NATION STATE ACTIVITY // Surveillanceware Industry Thrives Amidst Regulatory Challenges and Abuses

Surveillanceware firms are experiencing significant growth, driven by increased demand from government agencies despite ongoing misuse against activists, journalists, and political figures.

The cost of surveillanceware has surged, with prices rising from €1,100 per infection in 2011 to €6 million for comprehensive services by 2022.

Surveillanceware vendors are leveraging zero-day vulnerabilities and stealthier command-and-control infrastructures, complicating detection and mitigation efforts.

Despite international sanctions and regulatory calls, key players like the NSO Group continue operations, often through corporate restructuring and resellers.

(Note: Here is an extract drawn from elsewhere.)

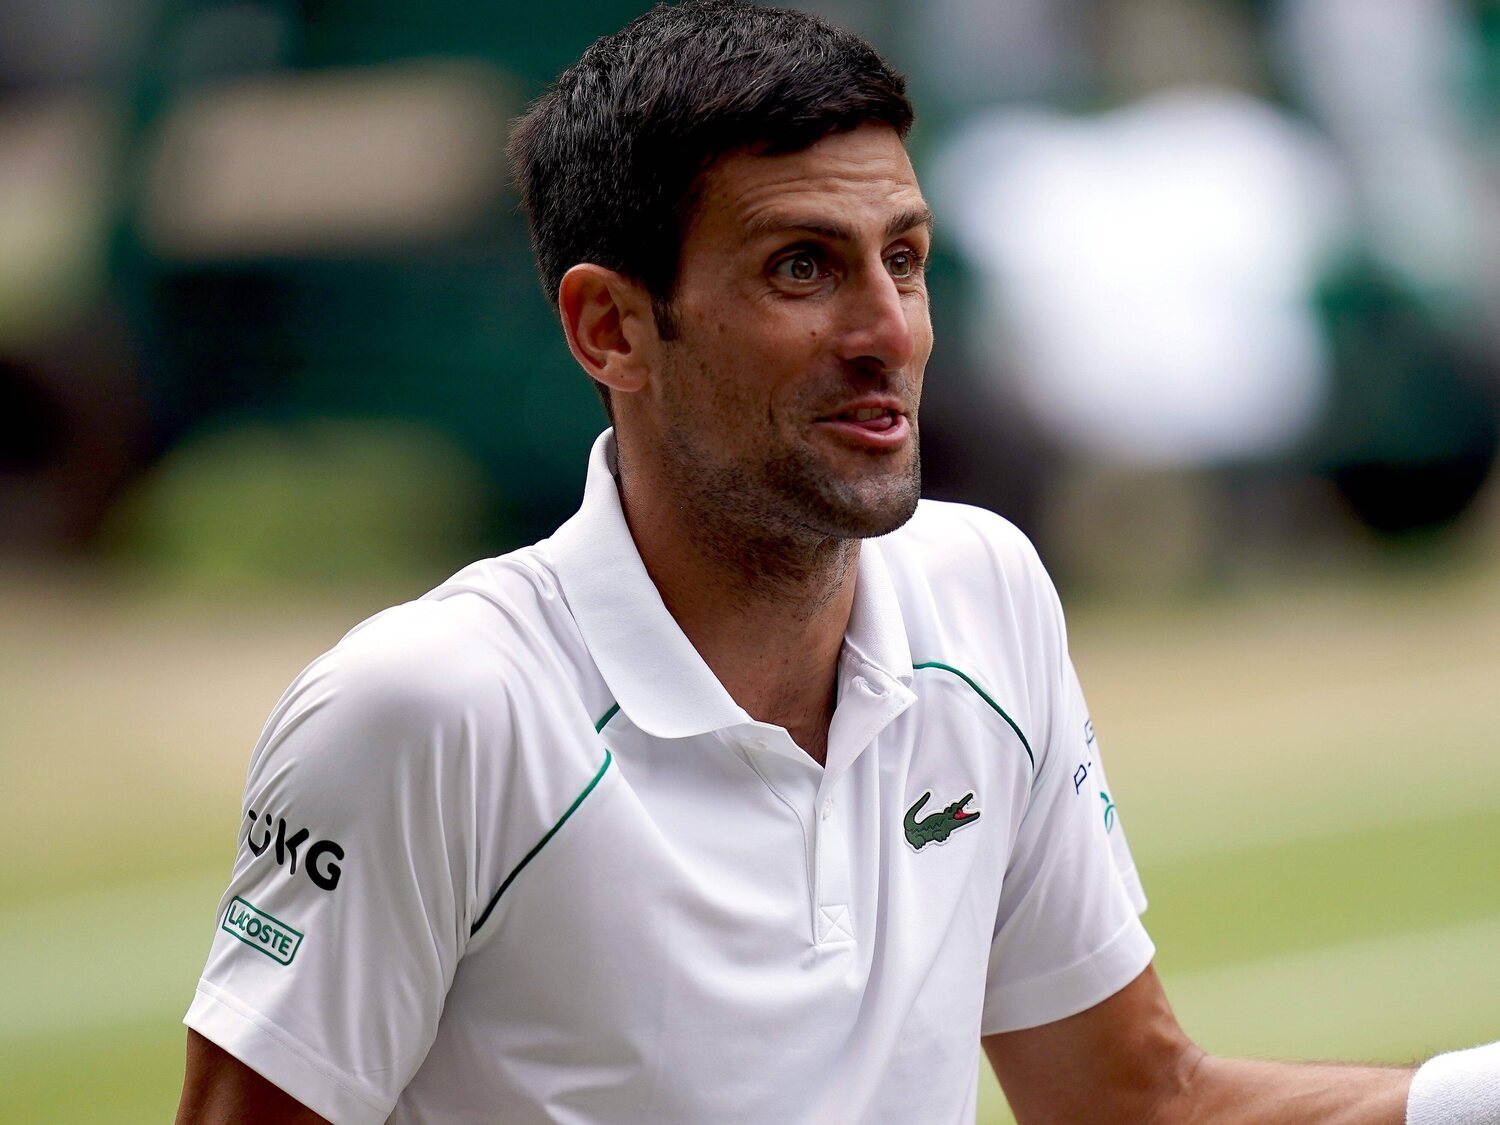 Caso Novak Djokovic: claves del conflicto que enciende a los antivacunas y provoca un terremoto diplomático

Legal actions, such as Meta's $168 million judgment against the NSO Group, highlight the tech industry's resistance to unauthorized surveillance activities.

Surveillanceware techniques are increasingly infiltrating the criminal malware market, evidenced by nation-state groups using these flaws for cyber espionage.

The Pall Mall Process, signed by 27 countries, seeks better regulation, yet many signatories, including Italy, remain active users of such technologies.

Surveillanceware companies adeptly evade oversight, raising concerns about the lack of effective political and regulatory safeguards to protect potential targets.